= Cuisine of Niger =

Culinary traditions of Niger

Location of Niger

The cuisine of Niger draws on traditional African cuisines. Various spices are used and meals include grilled meat, seasonal vegetables, salads, and various sauces. Meals in Niger usually start with colorful salads made from seasonal vegetables. Moringa leaves are frequently used in salads.
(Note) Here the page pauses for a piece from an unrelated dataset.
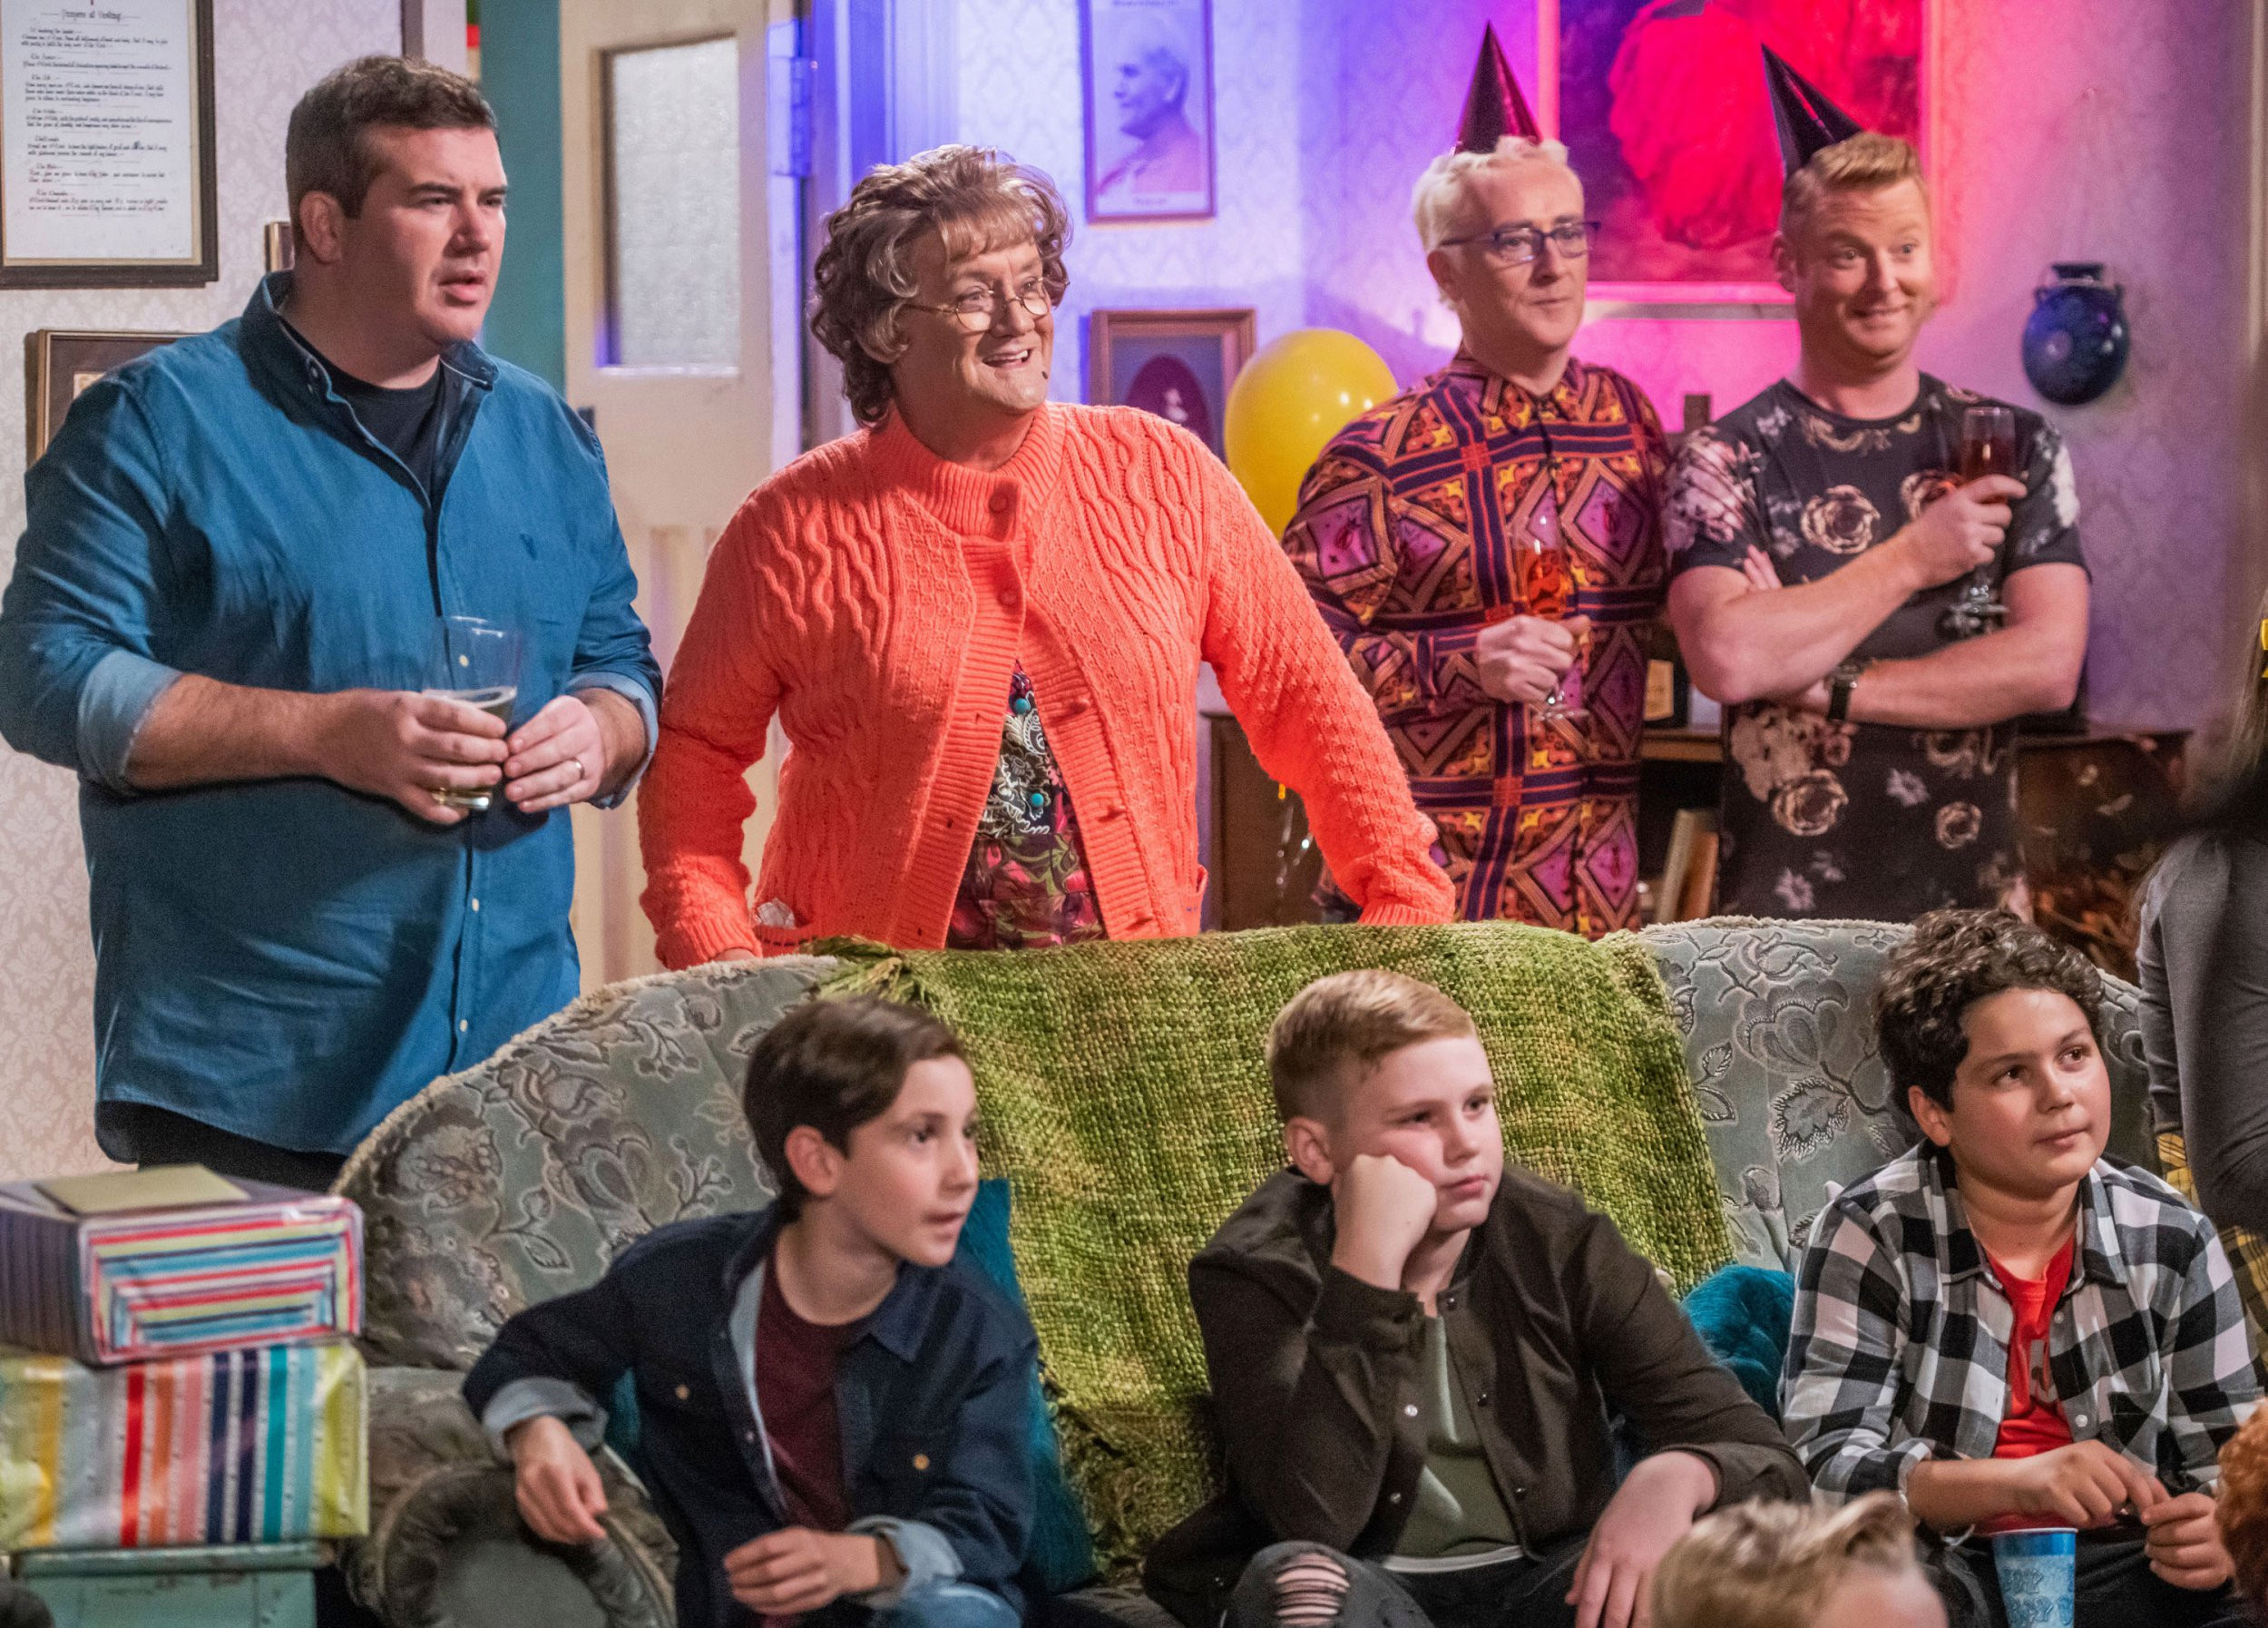 Gary Hollywood addresses his exit from Mrs Brown’s Boys ‘It’s been the

Typical Nigerien meals consist of a starch (rice being the most common) paired with a sauce or stew. The starches eaten most often are millet and rice. Staple foods include millet, rice, cassava, sorghum, maize and beans. Couscous is saved for special occasions. Porridge, wheat dumplings, and beignets are some of Niger's most common snacks. One especially well-known food is jollof rice.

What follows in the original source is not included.